Bij wie komt het AUTS2-syndroom voor?
Het AUTS2-syndroom is al voor de geboorte aanwezig. Vaak wordt al wel vanaf jonge leeftijd duidelijk dat er sprake is van een syndroom.
Zowel jongens als meisjes kunnen dit syndroom krijgen.

Wat is de oorzaak van het AUTS2-syndroom?
Fout in erfelijk materiaal
Het AUTS2-syndroom wordt veroorzaakt door een fout in het erfelijk materiaal van het 7e-chromosoom. De plaats van dit foutje wordt het AUTS2-gen genoemd. Er bestaan verschillende type foutjes in het AUTS2-gen, bij sommige type foutjes zullen kinderen meer klachten krijgen dan bij andere type foutjes. Tegenwoordig wordt AUTS2-gen ook wel het KIAA0442-gen genoemd.

AUTS2
AUTS2 is de afkorting voor autism susceptibility candidate gene number 2, dit gen is zogenoemd omdat er al lange tijd aandacht voor is en gedacht wordt dat dit een foutje is in het erfelijk materiaal die verantwoordelijk zou kunnen zijn voor het ontstaan van autisme. Inmiddels zijn er al een behoorlijk aantal kinderen bekend met een foutje in dit stukje erfelijk materiaal, zodat het aannemelijk is dat dit foutje in het erfelijk materiaal de oorzaak van ontwikkelingsachterstand al dan niet met autisme.

Autosomaal dominant
Het AUTS2-syndroom wordt veroorzaakt door een zogenaamde autosomaal dominant foutje. Dit houdt in dat een foutje op één van de twee chromosomen 7 die een kind heeft in het AUTS2-gen al voldoende is om de aandoening te krijgen. Dit in tegenstelling tot een autosomaal recessief foutje waarbij kinderen pas klachten krijgen wanneer beide chromosomen een foutje bevatten.

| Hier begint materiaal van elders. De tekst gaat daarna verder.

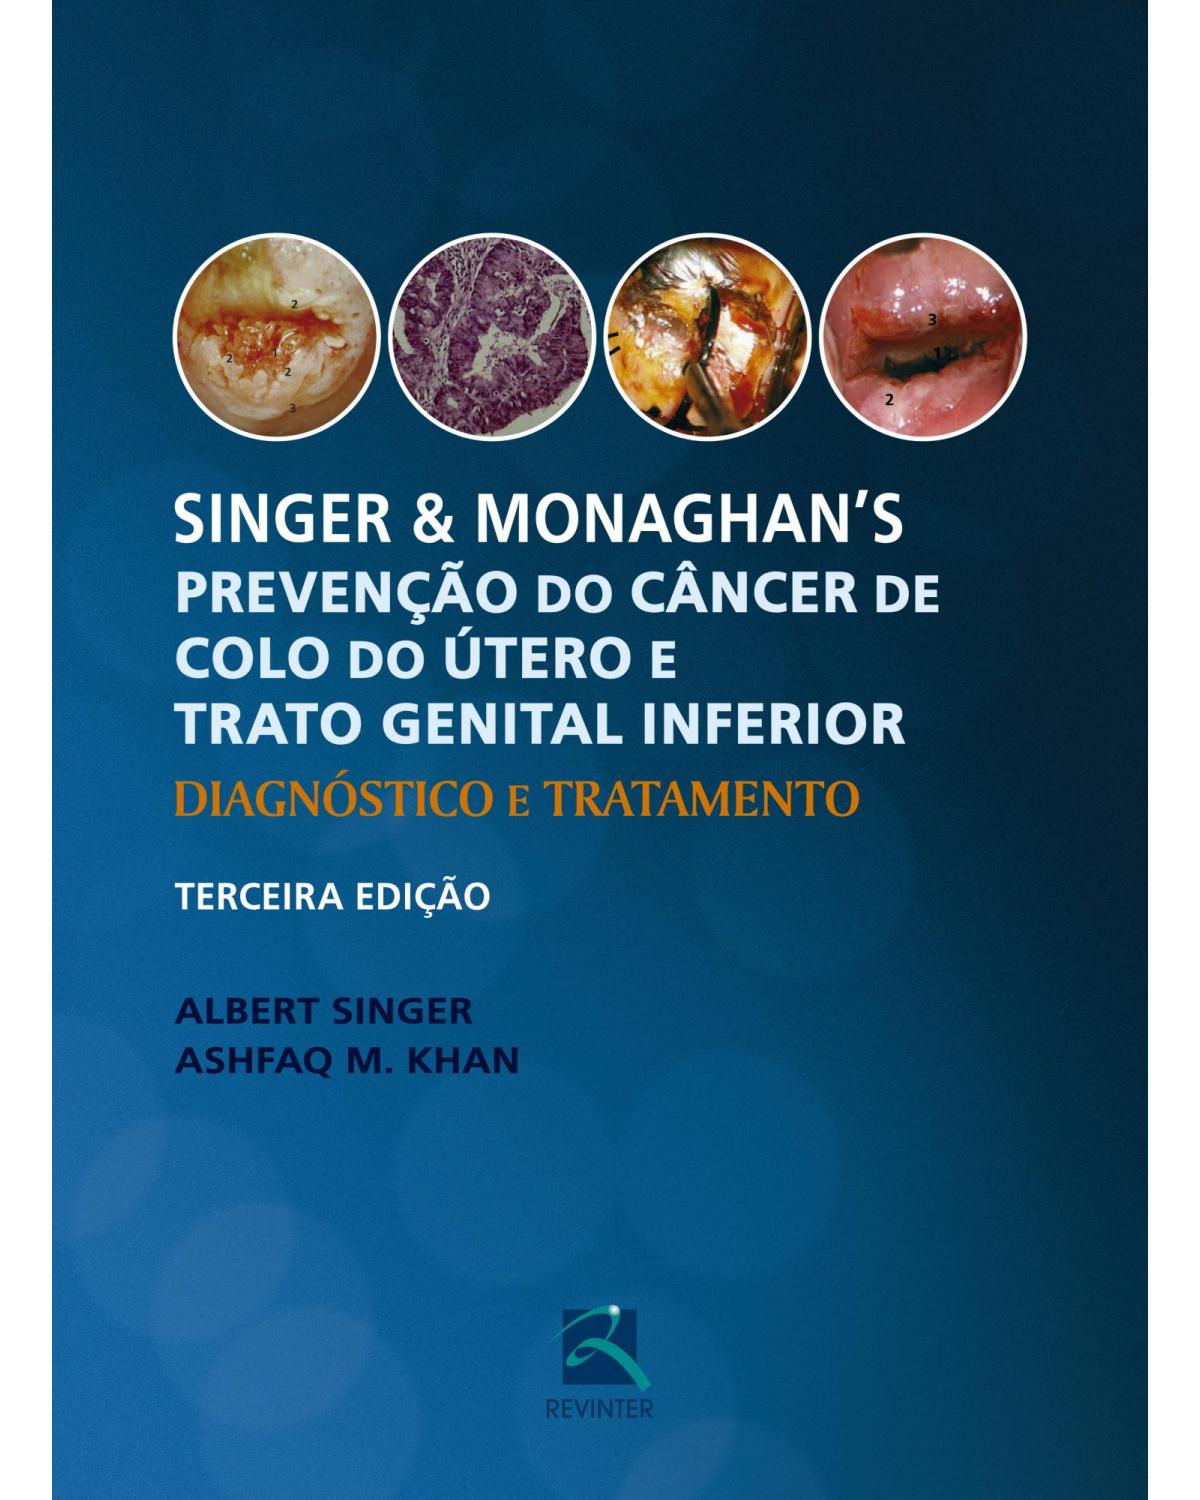 Singer e Monaghan's - Prevenção do Câncer de Colo do Útero e Trato Genital Inferior - Diagnóstico e Tratamento - 3ª Edição | 2017

Bij het kind zelf ontstaan
Bij een groot deel van de kinderen is het foutje in het AUTS2-gen bij het kind zelf ontstaan na de bevruchting van de eicel met de zaadcel en niet overgeërfd van een van de ouders.

Overgeërfd van een ouder
Een deel van de kinderen heeft het foutje in het AUTS2-gen geërfd van een ouder, meestal de moeder. De meeste moeders hebben zelf niet heel veel klachten, maar vaak als de diagnose gesteld wordt bij hun kind, herkennen moeders wel milde vormen van de problemen die horen bij dit syndroom. Sommige kinderen hebben het foutje ook van hun vader geërfd.

Afwijkend eiwit
Als gevolg van de verandering in het erfelijk materiaal zal een bepaald eiwit niet goed aangemaakt worden. Het is nog niet goed bekend wat de functie van dit eiwit is. Waarschijnlijk speelt het een belangrijke rol bij de aanleg van de hersenen omdat dit eiwit veel voorkomt in de hersenen, maar ook in de ogen, de oren en de botten. Tegenwoordig wordt gedacht dat dit eiwit een belangrijke rol speelt als "verkeersregelaar" om te zorgen dat de hersencellen tijdens de aanleg van de hersenen op de juiste plek komen te liggen.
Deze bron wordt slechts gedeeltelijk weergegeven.